Special Needs Transportation

School Bus Driver Accused of Leaving Special-Needs Student on Bus

Nicole Schlosser
Posted on September 12, 2016
Tiffeny Beatrice Avery of California is charged with one count of felony child abuse for allegedly leaving a preschool student alone on a bus for an hour. Stock photo by John Horton
Tiffeny Beatrice Avery of California is charged with one count of felony child abuse for allegedly leaving a preschool student alone on a bus for an hour. Stock photo by John Horton

APPLE VALLEY, Calif. — A school bus driver here was arrested for allegedly leaving a preschool student with special needs alone on a bus for an hour.

On Aug. 23, the student was discovered to have been left on a bus at the end of the school day, according to a news release from Apple Valley Unified School District.

Another bus driver discovered the student, who was unharmed, approximately an hour after the bus route had ended. The child’s parents were immediately contacted and she was taken home.
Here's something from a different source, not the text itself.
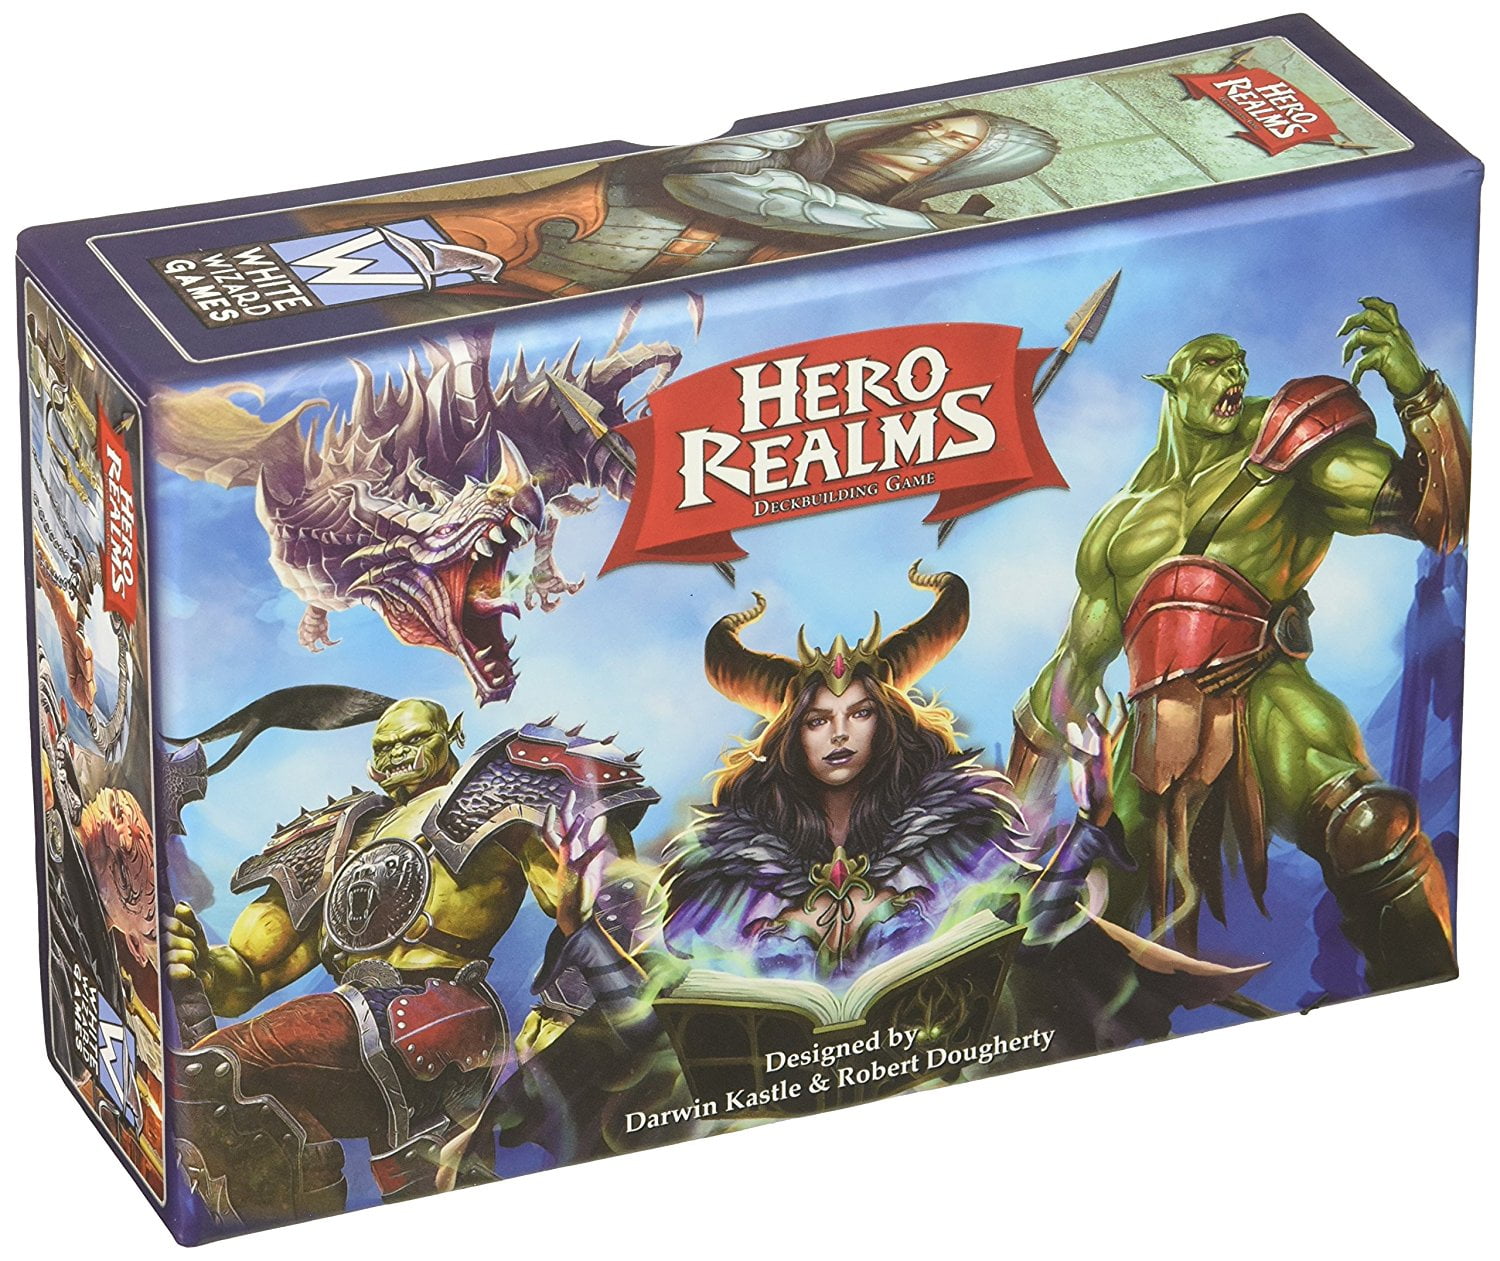 Picture of White Wizard Games WWG500 Hero Realms Deckbuilding Game

She is now back in school and using district transportation, according to the news release.

District officials said that they immediately contacted the San Bernardino County Sheriff’s Department and cooperated with an investigation into the incident. Full details were being determined pending the investigation.

A refresher training course was held the morning after the incident to reiterate the district’s transportation procedures, and further measures have been put into place to ensure that this does not happen again, according to the district.

“Words cannot express how dismayed we are that this occurred and how seriously we are taking this incident,” the news release stated. “The safety of our students is our top priority.”

The bus driver, Tiffeny Beatrice Avery, has been placed on administrative leave. She has been charged with one count of felony child abuse, according to NBC4.

The bus that the student was riding was dedicated to transporting special-needs students, and it was unclear why the student had not been taken to her home as all the other students were, according to the news source.

The incident occurred less than one year after a student with autism died after being left unattended on a school bus for several hours in Whittier, less than 90 miles away. The death of  Hun Joon (Paul) Lee spurred a bill, SB 1072, also known as the “Paul Lee School Bus Safety Law,” that would require school buses in the state to be equipped with child-check alarm systems. Gov. Jerry Brown has until Sept. 30 to take action on the bill.